While column operations are being executed, processes not included in
the current column communicator just wait for results.
In a moment, a column communicator could be splitted to create a temp
communicator and allow only the right processes to work on it.
At the end of a step, a call to MPI_Barrier (on a duplicate of
MPI_COMM_WORLD) is executed to sync all processes and avoid bad results.

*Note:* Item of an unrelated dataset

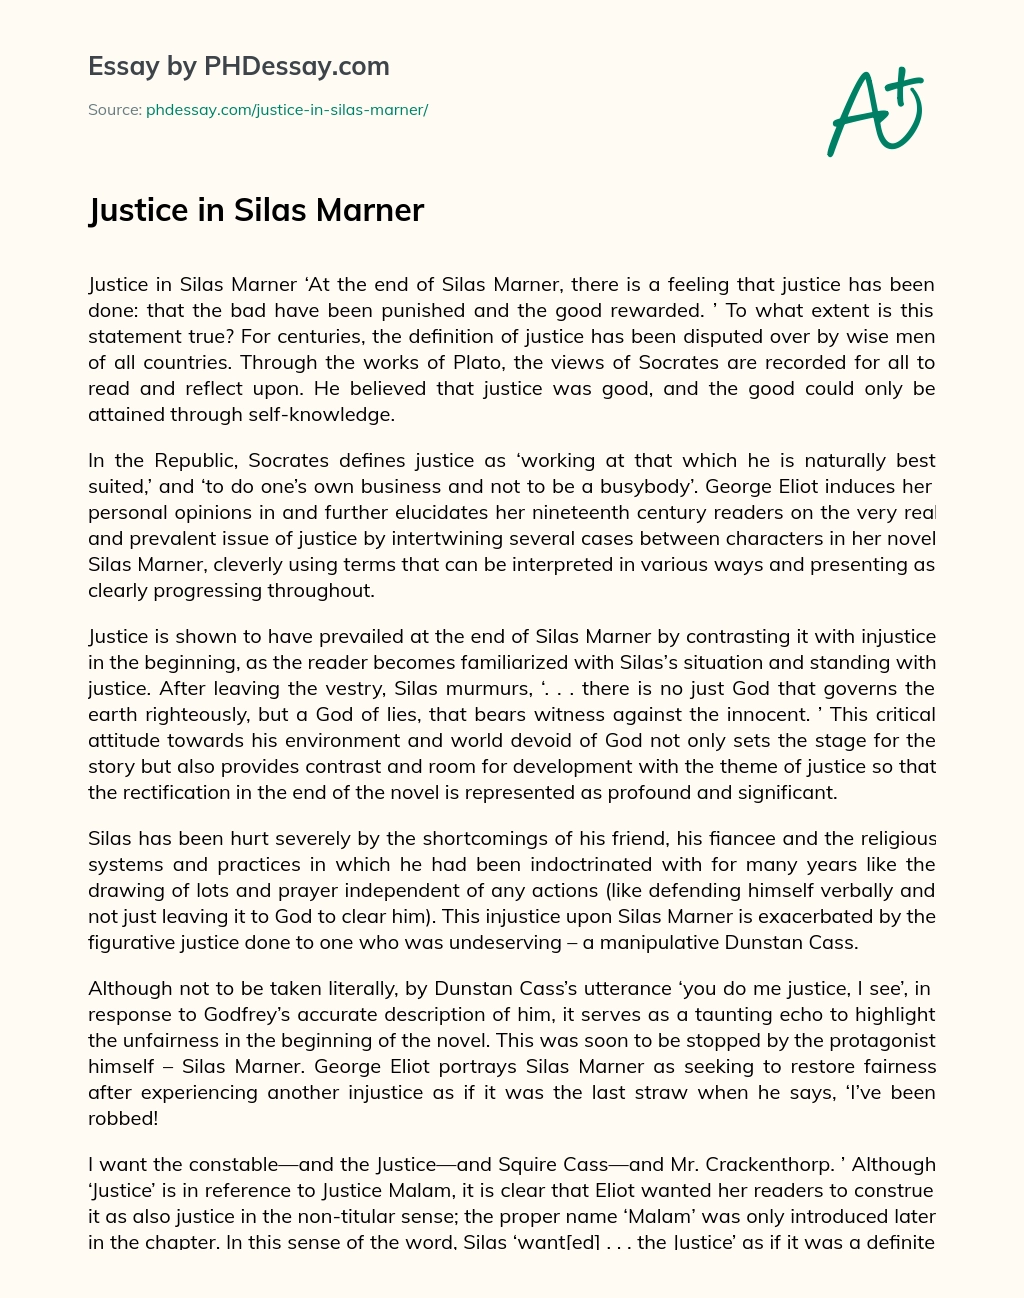 Justice in Silas Marner essay

With a small amount of data (a small matrix) the MPI_Barrier call syncs
correctly on the communicator that includes all processes and processing
ends fine.
But when the amount of data (a big matrix) is incremented, operations on
column communicators take more time to finish and hence waiting time
also increments for waiting processes.
After a few time, waiting processes return an error when they have not
received the broadcast (MPI_Bcast) on row communicators or when they
have finished their work at the sync point (MPI_Barrier). But when the
operations on the current column communicator end, the still active
processes try to broadcast on row communicators and they fail because
the waiting processes have returned an error. So all processes fail in
different moment in time.
So my problem is that waiting processes "believe" that the current
operations have failed (but they have not finished yet!) and they fail too.

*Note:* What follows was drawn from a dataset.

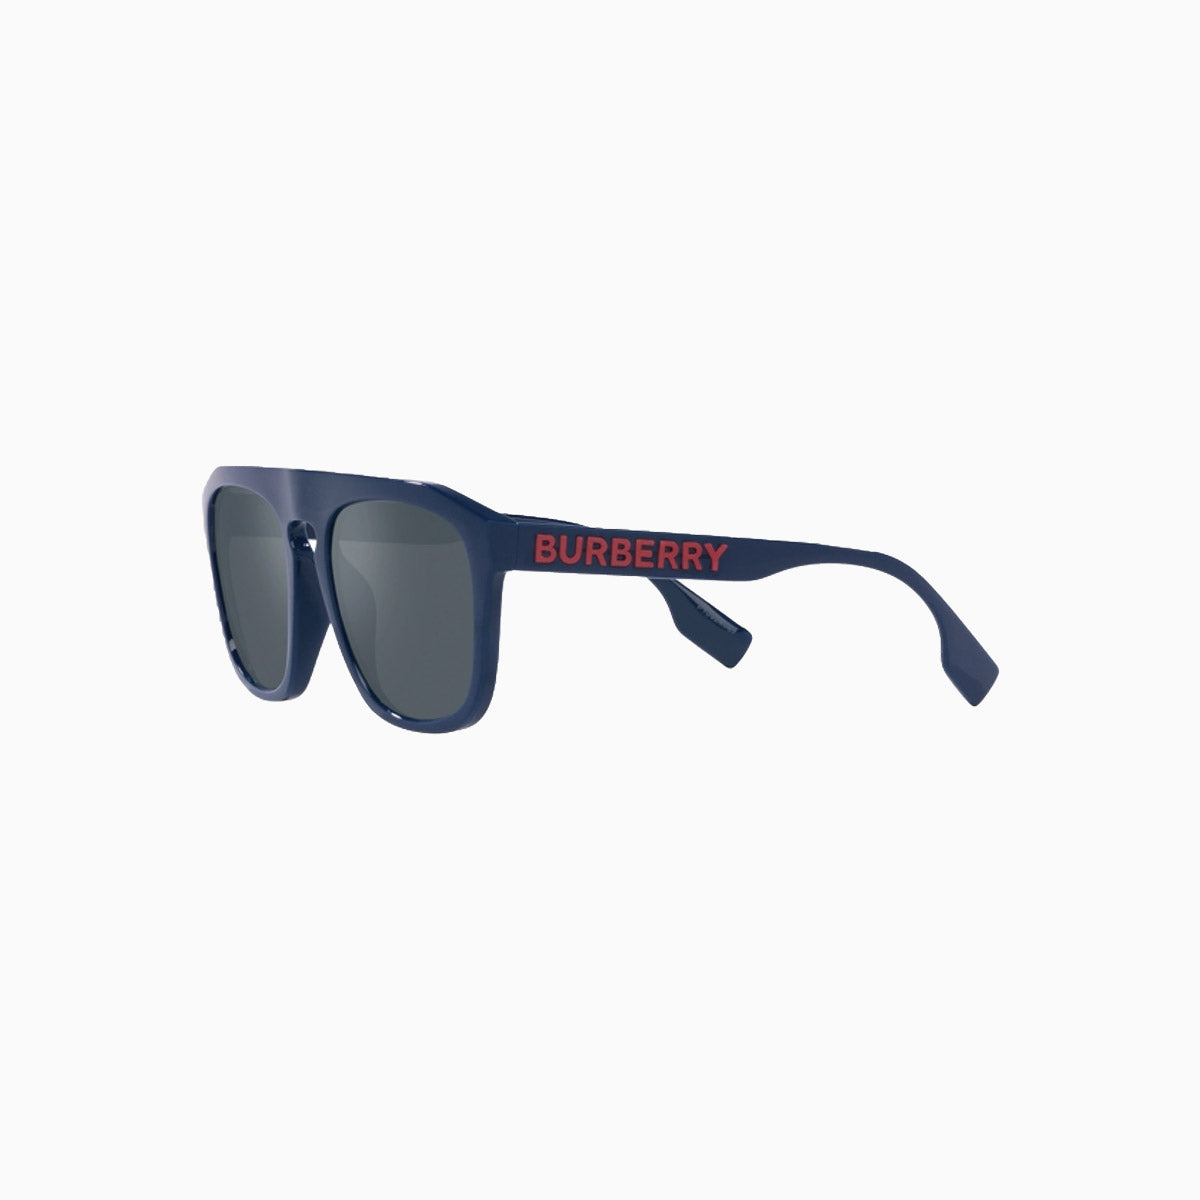 mens-burberry-wren-blue-sunglasses-0be4396u-405825

So I have a question about MPI_Bcast/MPI_Barrier:
Is there a way to increment the timeout a process can wait for a
broadcast or barrier to be completed?
Here is my machine and OpenMPI info:
- OpenMPI version: Open MPI 4.1.0u1a1
- OS: Linux Daniel 5.4.0-52-generic #57-Ubuntu SMP Thu Oct 15 10:57:00
UTC 2020 x86_64 x86_64 x86_64 GNU/Linux
Thanks in advance for reading my description/question.
Best regards.
--
Daniel Torres
LIPN - Université Sorbonne Paris Nord